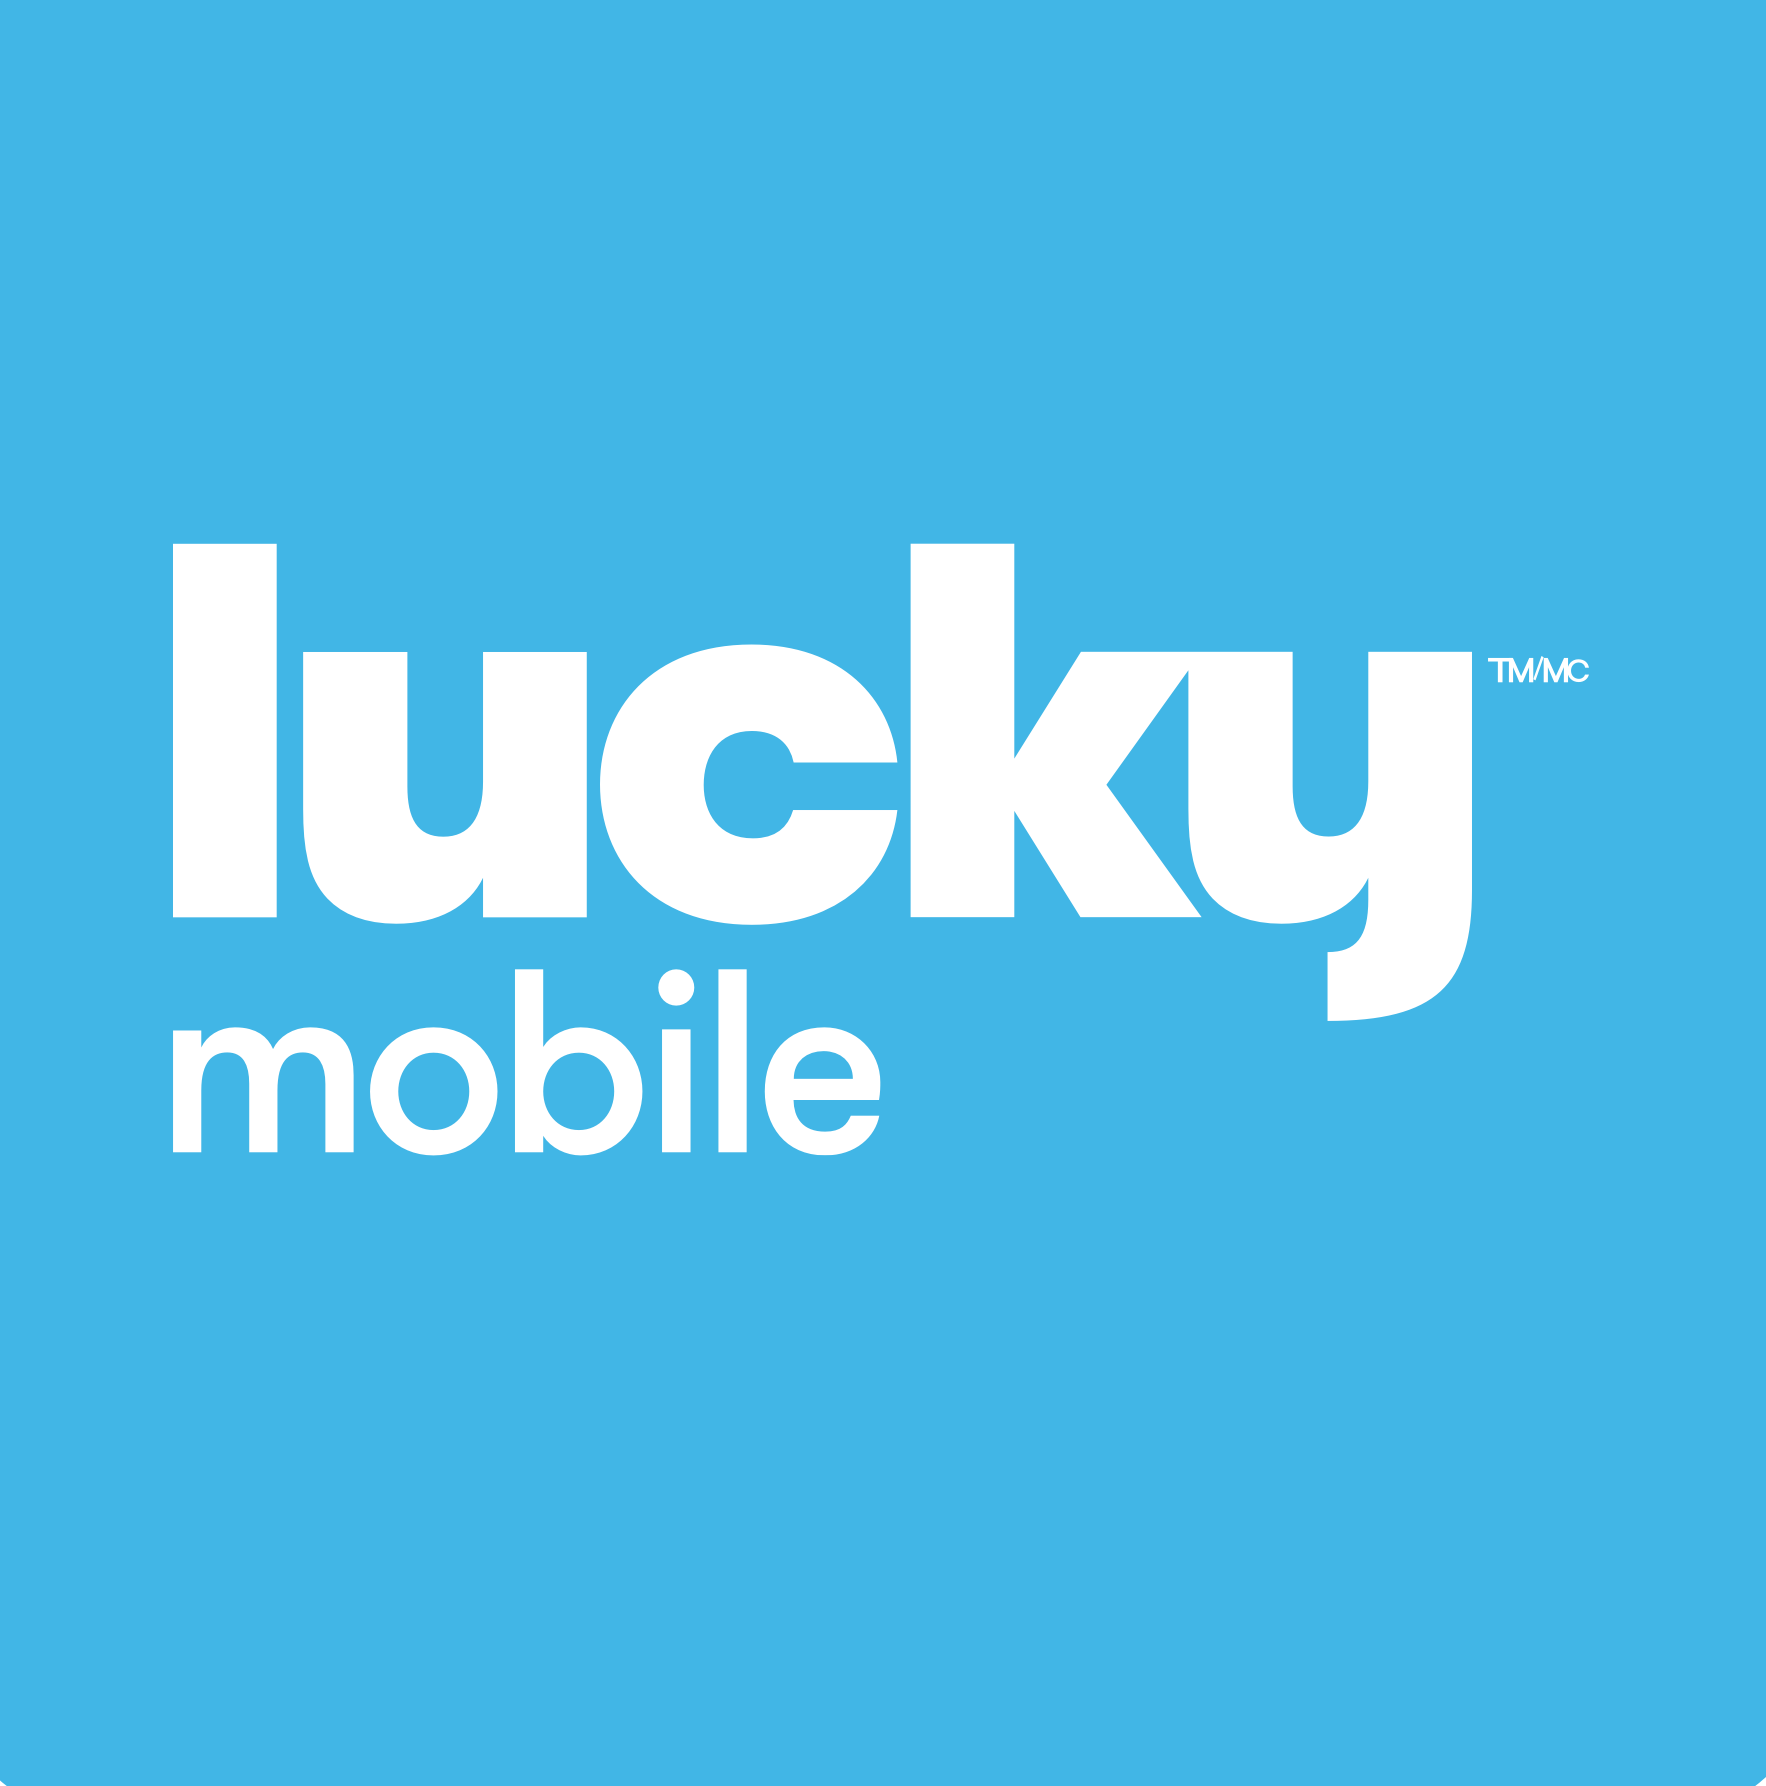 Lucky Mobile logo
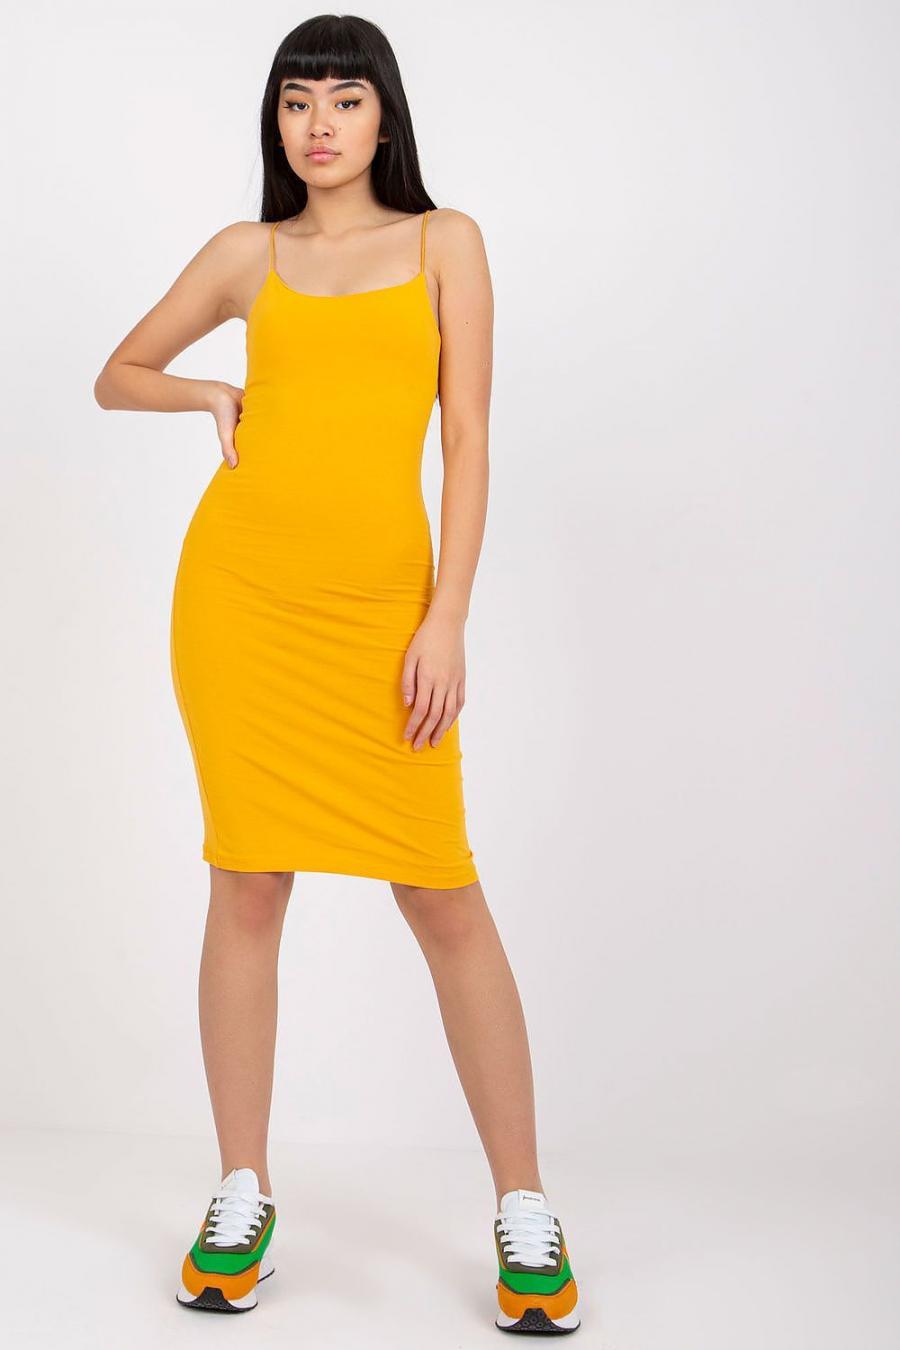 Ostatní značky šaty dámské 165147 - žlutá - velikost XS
========================================================================
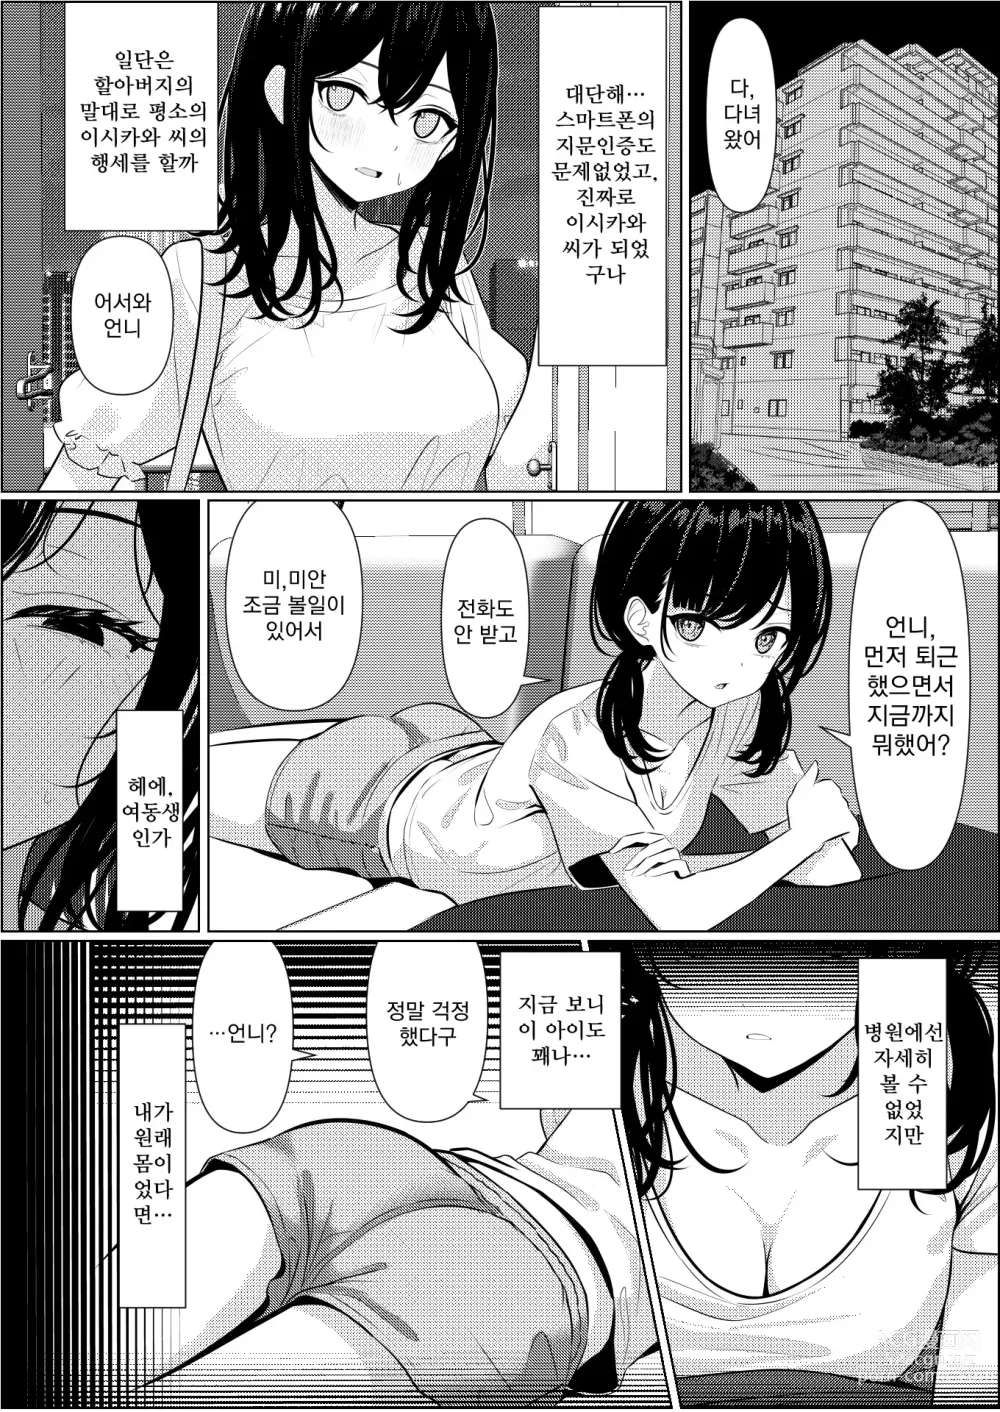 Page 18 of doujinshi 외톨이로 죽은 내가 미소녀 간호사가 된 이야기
========================================================================
What to work on: Taking the entries above, extract every line from the one bearing "Lucky Mobile logo" through the one bearing "Ostatní značky šaty", exactly, with no pictures.

Answer below:
 Lucky Mobile logo
 Ostatní značky šaty dámské 165147 - žlutá - velikost XS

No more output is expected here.